Insurance/ Representational Image
Insurance/ Representational Image

Ageas Federal Life Insurance on Thursday reported a 20 per cent decline in its net profit at Rs 119 crore for 2020-21.

The private sector insurer had posted a net profit of Rs 148 crore in 2019-20.

Total premium garnered by the insurer, however, moved up by 6 per cent to Rs 1,959 crore in 2020-21, against Rs 1,843 crore in the preceding fiscal year, it said in a statement.

Ageas said it is its ninth consecutive year of profit since it first declared profit in 2012-13.

Despite the challenges posed by the pandemic, Ageas Federal's total premium rose 6 per cent to Rs 1,959 crore in 2020-21 from Rs 1,843 crore in 2019-20.

The growth was driven by a 24 per cent rise in individual new business premium to Rs 504 crore and 4 per cent rise in renewal premium to Rs 1,327 crore.

The company also benefited from a strong growth of 40 per cent in individual new business premium from Federal Bank, it added.

The insurer said its board has recommended a final dividend of Rs 104 crore, at a rate of dividend of 13 per cent, subject to approval at the ensuing annual general meeting.

An understanding of customers' needs during the pandemic and catering to them with the appropriate products and solutions has helped Ageas Federal to post a value of new business (VNB) margin of 20.6 per cent, it said.

The company's average turnaround time (TAT) in resolving complaints during the year was two days which is among the best in the life insurance industry and considerably lower than the industry average of five days, it said further.

Asset under management moved up by 24 per cent to Rs 12,101 crore as on March 31, 2021, from Rs 9,775 crore by the end of 2019-20.

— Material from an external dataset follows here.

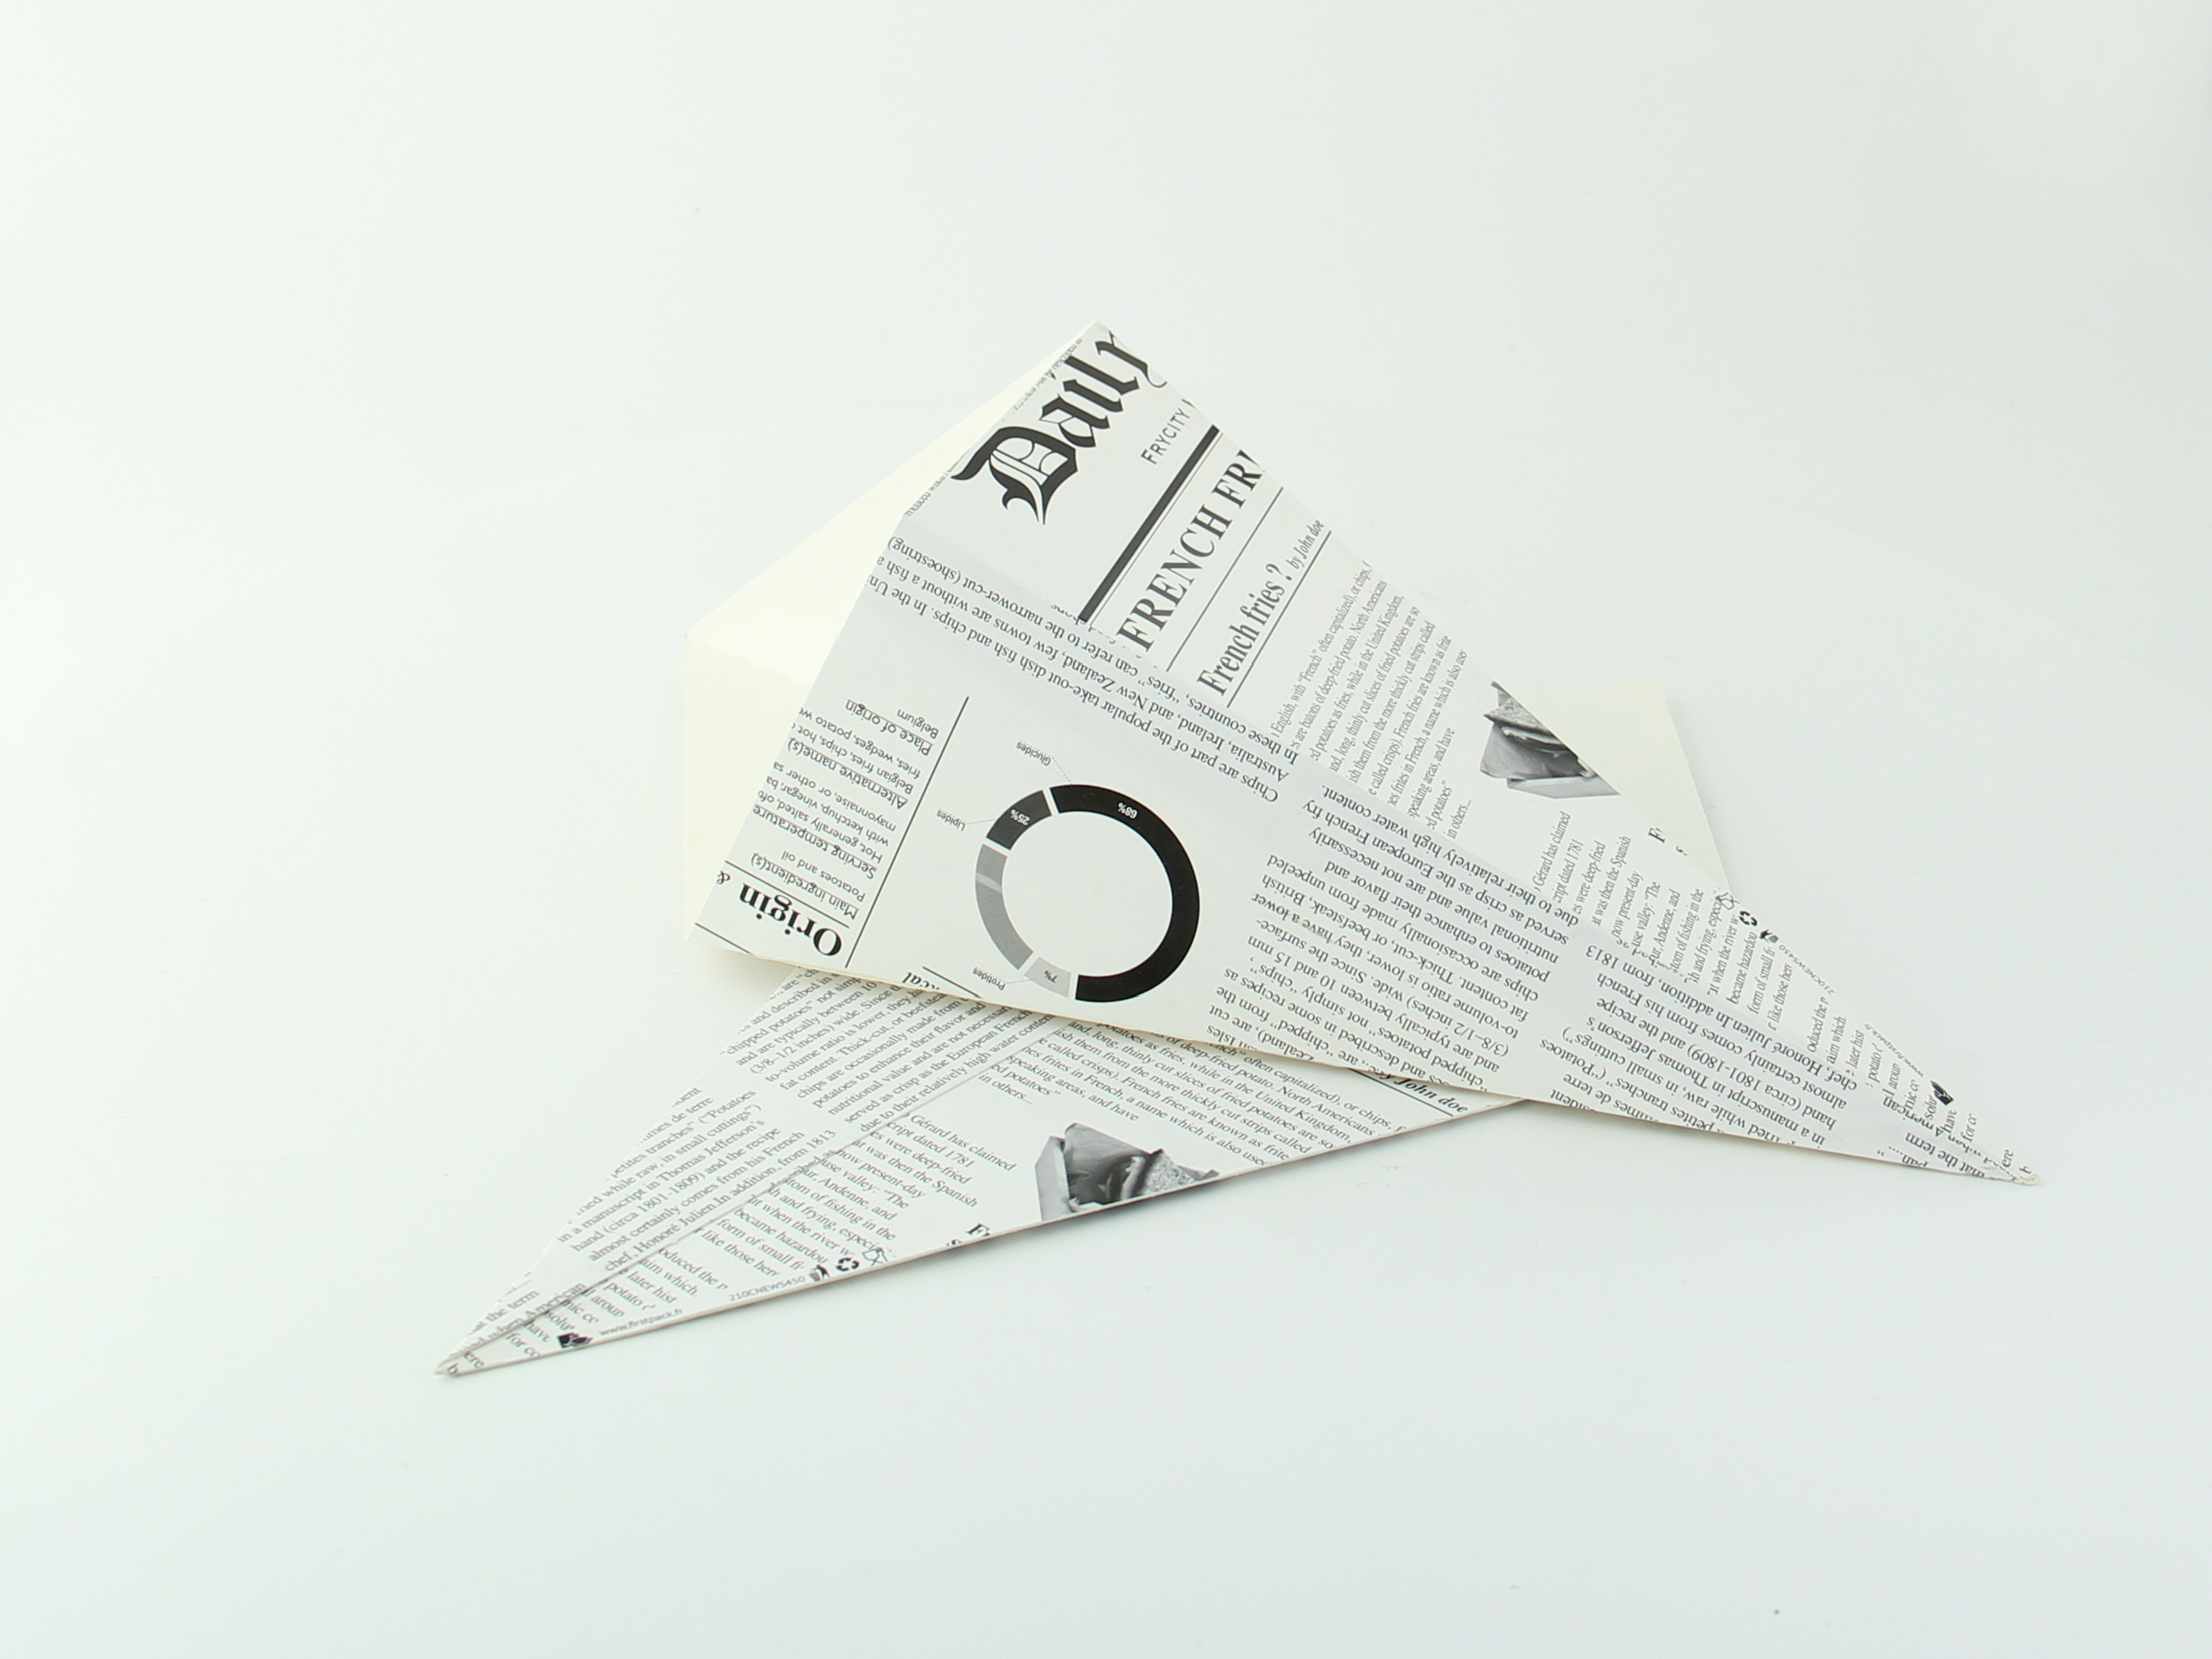 Sturdy Paper Cones with Newspaper Print 14.5oz 7.7 x 6.3in - 125 pcs

Recognising the challenges due to the COVID-19 breakout, its MD & CEO Vighnesh Shahane said the company has taken several steps to steady the course of onboarding for customers.

"Our profitability is borne out of continued efficiencies in achieving improved persistency, rationalisation in costs, decline in surrenders, and healthier solvency margin.

"We realigned our product suite in tune with the the evolving needs of customers during the pandemic, introducing features that made our products more customer-centric and offered policyholders greater flexibility," Shahane said.

On the business front, the company said it will continue to ramp up its proprietary distribution channels, while looking to further leverage the relationship with bancassurance partners.

"The pandemic has greatly accelerated our digital journey and we will continue to focus on digital initiatives and solutions that provide a superior experience to our customers, partners, vendors and employees," he added.